In order to further increase the prediction accuracy, for example, it is considered to comprehensively use a plurality of calculated feature values. Even in Patent Document 1 described above, it is described to use a normalized cross-correlation coefficient (refer to Paragraph [0028]). However, the cross-correlation is effective to the analysis of linear correlation between two feature values, but is not capable of grasping a non-linear relationship. In the speaking voice of the patient having the depression, a plurality of feature values have a non-linear relationship, and there is a possibility that the feature values are non-stationarily changed, and thus, it is not possible to sufficiently improve the prediction accuracy only by analyzing the cross-correlation of the feature values.
The invention has been made to solve such problems, and an object thereof is to enable a prediction accuracy of a possibility that a subject has a specific disease or a severity to be improved.
In order to attain the object described above, in the invention, a feature value calculation unit calculating a plurality of types of feature values on a time-series basis for each predetermined time unit by analyzing time-series data having a value changing on a time-series basis; a matrix calculation unit calculating a spatial delay matrix including a combination of a plurality of relation values by performing processing of calculating a relation value of the plurality of types of feature values to be included in a moving window having a predetermined time length, with respect to the plurality of types of feature values calculated on a time-series basis for each predetermined time unit, by delaying the moving window by a predetermined delay amount; a matrix operation unit calculating matrix unique data unique to the spatial delay matrix by performing a predetermined operation with respect to the spatial delay matrix; and a disease prediction unit inputting the matrix unique data to a learned disease prediction model and predicting a disease level of a subject are provided, and a relation value relevant to at least one of a detrended cross-correlation analytical value and a mutual information amount is calculated as the relation value of the plurality of types of feature values.
According to the invention configured as described above, the relation value including the detrended cross-correlation analytical value or the mutual information amount is calculated on the basis of the plurality of types of feature values calculated for each predetermined time unit from the time-series data having a value changing on a time-series basis, and thus, a relation value reflecting a non-linear and non-stationary relationship in the feature values can be obtained, and a disease level of a subject can be predicted on the basis of the relation value. Accordingly, by using the time-series data of the subject in which the relationship in the plurality of types of feature values is non-linearly and non-stationarily changed over time, the disease level of the subject (a possibility that the subject has a specific disease, a severity, or the like) can be predicted with a higher accuracy.

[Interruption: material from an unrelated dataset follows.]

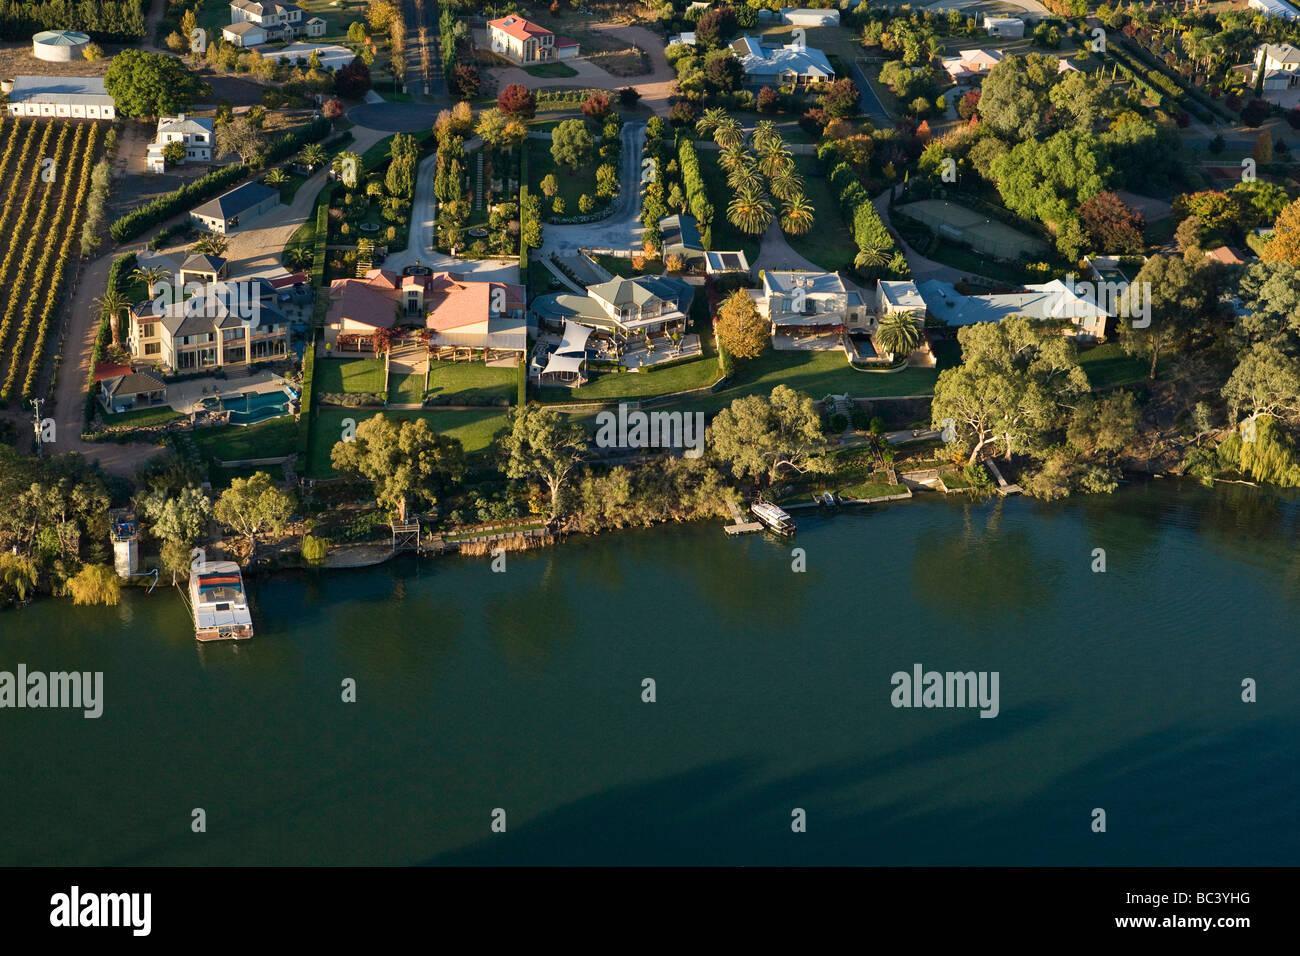 Ufergegendhäuser bei Gol Gol ein Einkaufszentrum Stadt in New South ...
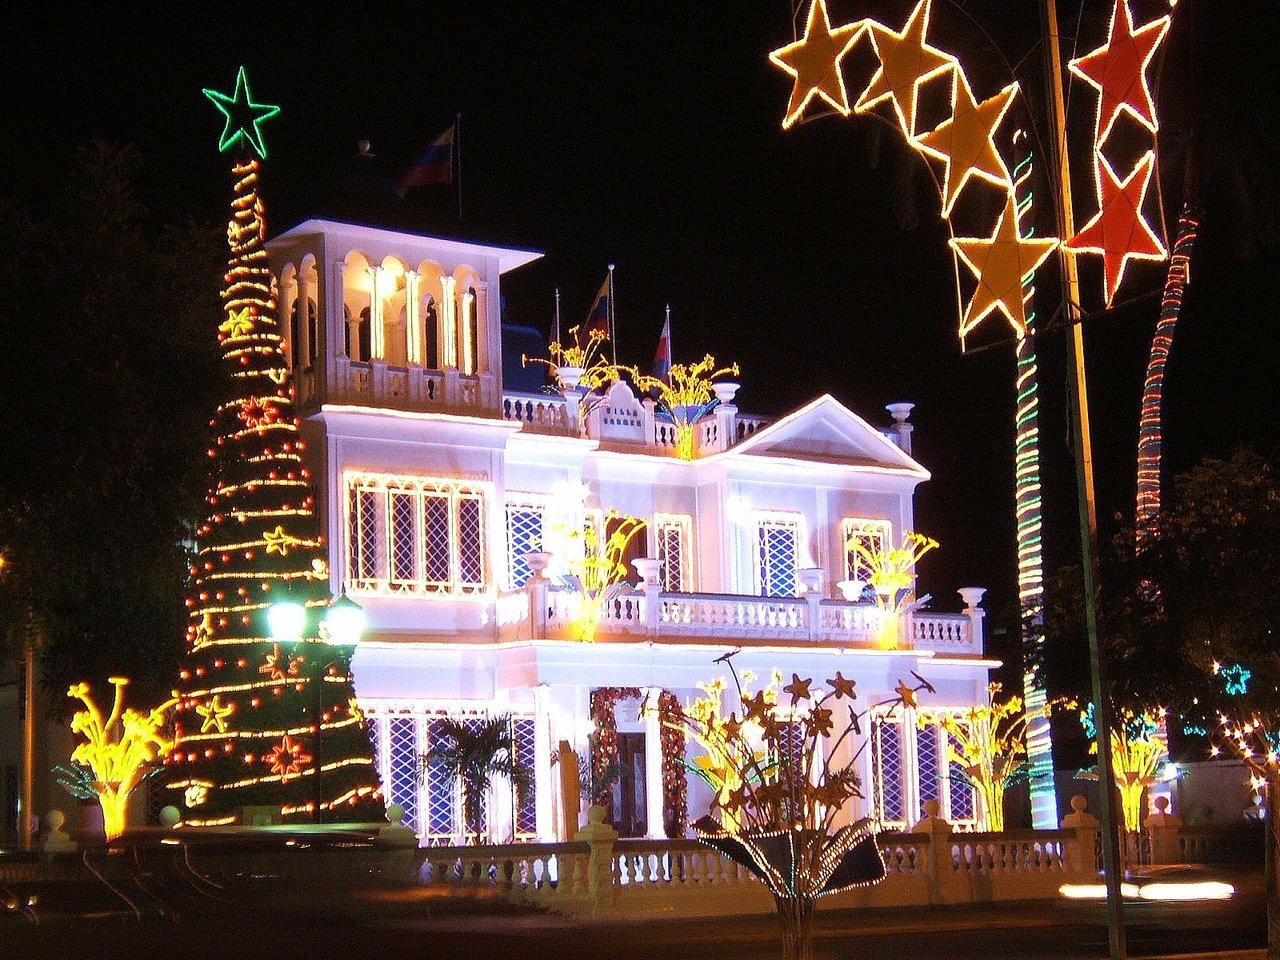 Manualidades e ideas para navidad manualidades crafts e - Casas decoradas en navidad ...

Hereinafter, a first embodiment of the invention will be described on the basis of the drawings.
As illustrated in
The learning data input unit 11 inputs a series of conversational voice data between a plurality of target people with known disease levels of depression and another person (an example of time-series data having a value changing on a time-series basis) as learning data. Here, the “target people” are patients having the depression and normal people not having the depression, and “another person” having conversation with such target people, for example, is a medical doctor.
The disease level is a value corresponding to the severity of the depression of the target people, and is a value corresponding to a “depression severity evaluation scale” that is generally used as a severity scale for the depression. The depression severity evaluation scale, for example, is a Hamilton depression evaluation scale according to an expert interview (Hamilton depression rating scale: HAM-D), a simple depressive symptom scale to be evaluated by 16 self-completed evaluation scales (quick inventory of depressive symptomatology: QIDS-J), diagnostic criteria of the American Psychiatric Association (the diagnostic and statistical manual of mental disorders: DSM-IV), and the like.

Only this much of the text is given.